La société SUSHI [Localité 4], qui succombe à la cause, sera condamnée aux dépens de la présente instance, conformément à l’article 696 du code de procédure civile.
L’équité commande par ailleurs de faire droit à hauteur de 1 500 euros à la demande de la société FEDERPIERRE CAPUCINES concernant les frais non compris dans les dépens, en application des dispositions précitées.

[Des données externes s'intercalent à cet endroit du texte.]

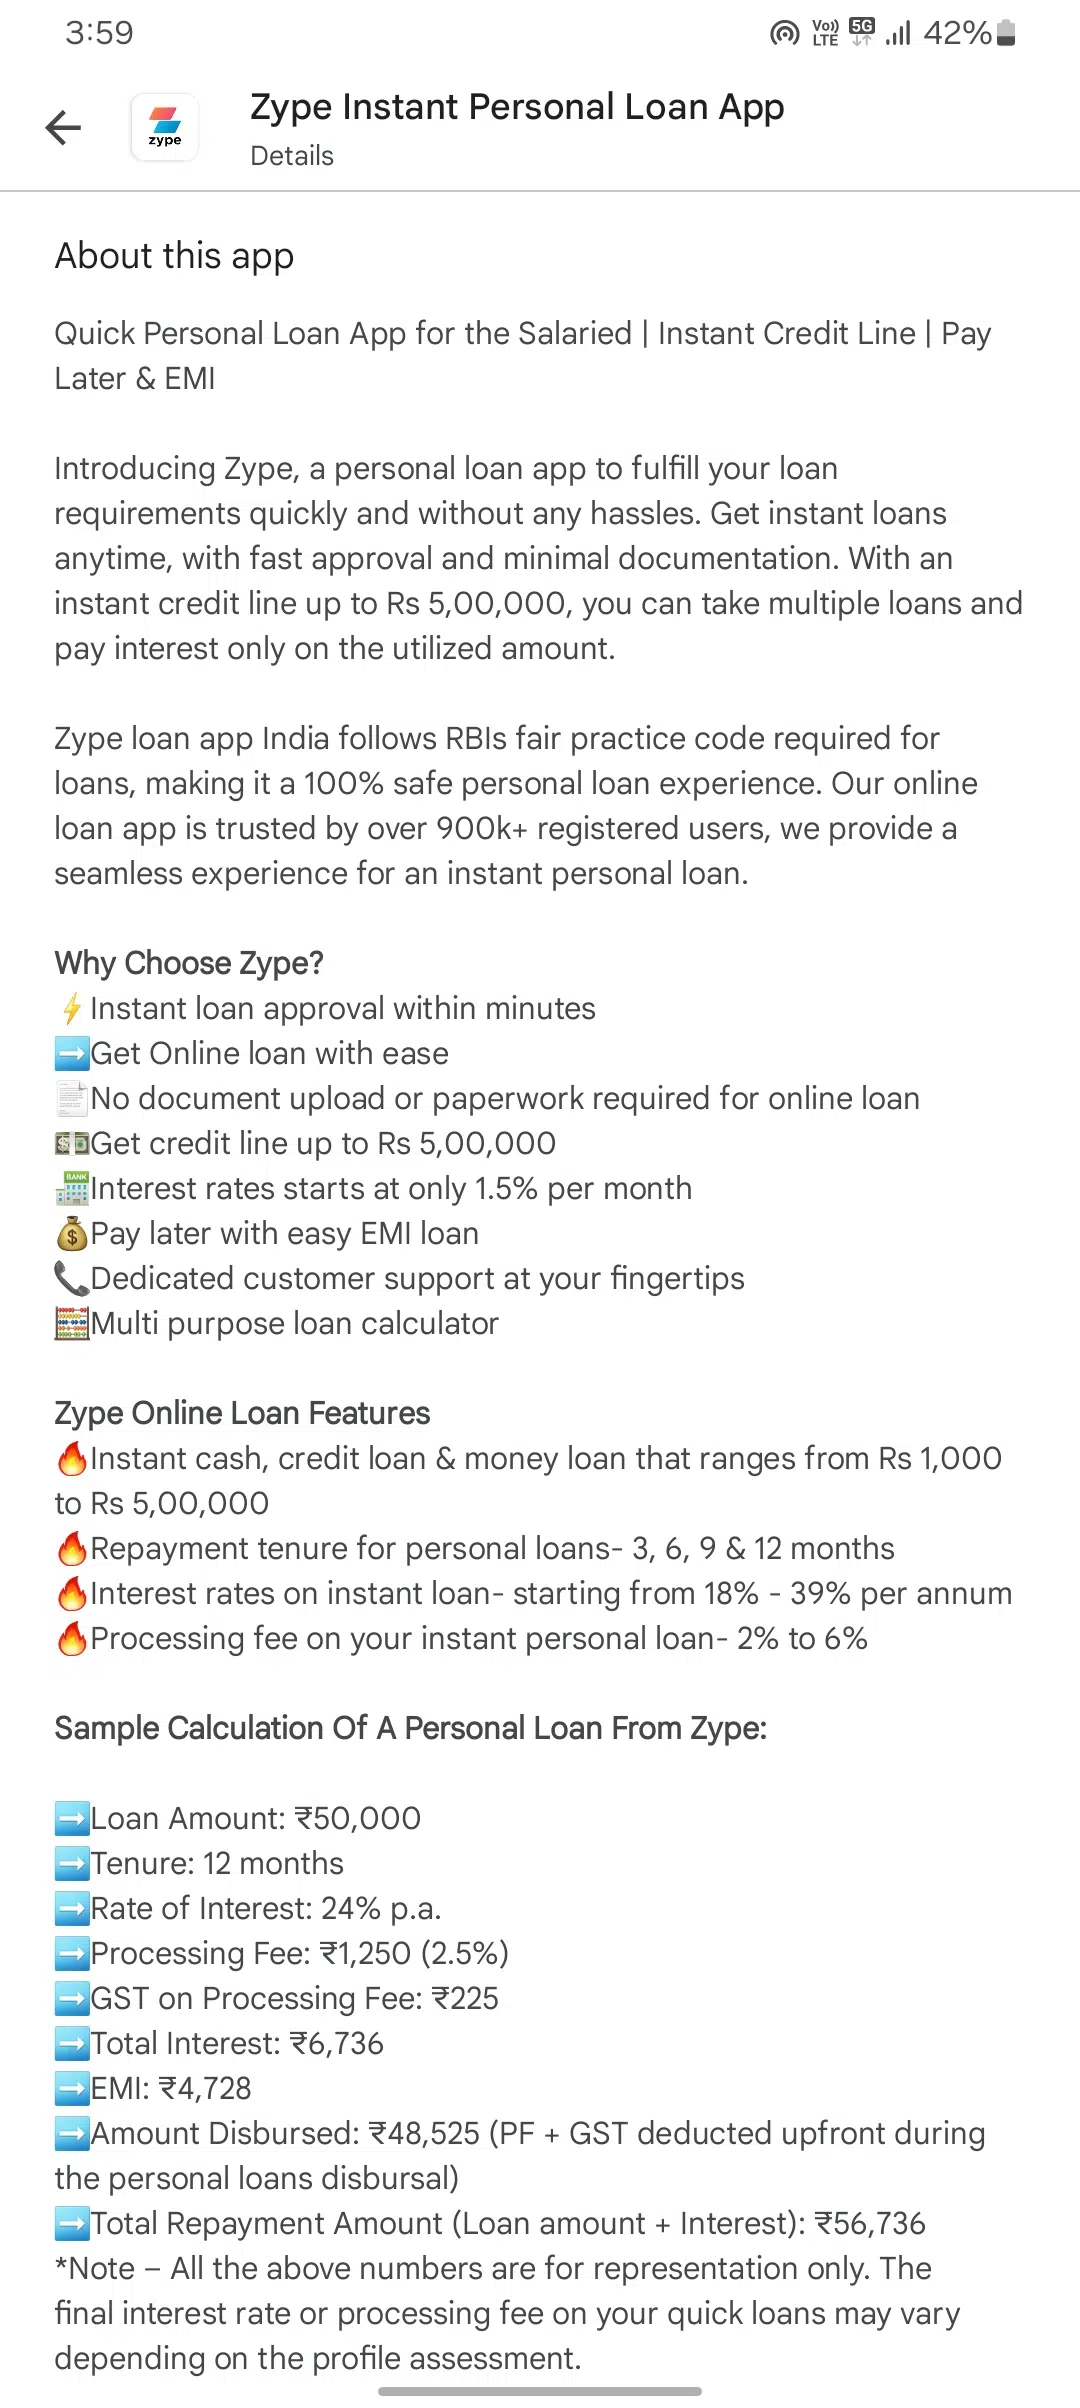 zype app details

Selon l’article 514 du code de procédure civile, les décisions de première instance sont de droit exécutoires à titre provisoire à moins que la loi ou la décision rendue n’en dispose autrement. Selon le dernier alinéa de l’article 514-1 du même code, le juge ne peut toutefois pas écarter l’exécution provisoire de droit lorsqu’il statue en référé. La présente ordonnance sera donc assortie de l’exécution provisoire.
PAR CES MOTIFS,
La juge des contentieux de la protection, statuant après débats publics, par ordonnance mise à disposition au greffe, réputée contradictoire et en premier ressort,
CONSTATE que la dette locative visée dans le commandement de payer du 10 mai 2024 n’a pas été réglée dans le délai d’un mois,
CONSTATE, en conséquence, que le contrat conclu le 9 août 2018 entre la société FEDERPIERRE CAPUCINES, d’une part, et la société SUSHI [Localité 4], d’autre part, concernant les locaux situés au [Adresse 3] (étage 05, lot n° 34, cave n°36) est résilié depuis le 11 juin 2024,
DIT n’y avoir lieu d’octroyer des délais de paiement à la société SUSHI [Localité 4],
ORDONNE à M. [X] [L] [P] et la société SUSHI [Localité 4] de libérer de leur personne, de leurs biens, ainsi que de tous occupants de leur chef, les lieux situés au [Adresse 3] (étage 05, lot n° 34, cave n°36) ainsi que, le cas échéant, tous les lieux loués accessoirement au logement,
DIT qu’à défaut de libération volontaire, il pourra être procédé à leur expulsion et à celle de tous occupants de leur chef avec l’assistance de la force publique,
DIT que le sort des meubles sera régi conformément aux dispositions des articles L. 433-1 et L. 433-2 du code des procédures civiles d’exécution,
RAPPELLE que l’expulsion ne pourra avoir lieu qu’hors période hivernale et à l’expiration d’un délai de deux mois suivant la délivrance d’un commandement d’avoir à libérer les lieux,
CONDAMNE la société SUSHI [Localité 4] au paiement d’une indemnité d’occupation mensuelle égale au loyer et aux charges qui auraient été dus en cas de poursuite du bail, soit 1 396,10 euros (mille trois cent quatre-vingt-seize euros et dix centimes) par mois,
DIT que cette indemnité d’occupation, qui se substitue au loyer dès le 11 juin 2024, est payable dans les mêmes conditions que l’étaient le loyer et les charges, jusqu’à libération effective des lieux et remise des clés à la bailleresse ou à son mandataire,
CONDAMNE la société SUSHI [Localité 4] à payer à la société FEDERPIERRE CAPUCINES la somme de 10 096,57 euros (dix mille quatre-vingt-seize euros et cinquante-sept centimes) à titre de provision sur l’arriéré locatif arrêté au 23 septembre 2024, terme du mois d’octobre 2024 inclus, avec intérêts au taux légal à compter du 10 mai 2024 sur la somme de 4 649,72 euros et à compter de l’assignation pour le surplus,
DIT n’y avoir lieu à référé sur la demande de la société FEDERPIERRE CAPUCINES au titre des clauses pénales,
RAPPELLE que la présente ordonnance est exécutoire de droit à titre provisoire,
CONDAMNE la société SUSHI [Localité 4] à payer à la société FEDERPIERRE CAPUCINES la somme de 1 500 euros (mille cinq cents euros) au titre de l’article 700 du code de procédure civile,
CONDAMNE la société SUSHI [Localité 4] aux dépens comprenant notamment le coût des commandements de payer du 10 mai 2024 et celui des assignations du 5 novembre 2024.
Ainsi jugé par mise à disposition au greffe le 5 juin 2025, et signé par la juge et la greffière susnommées.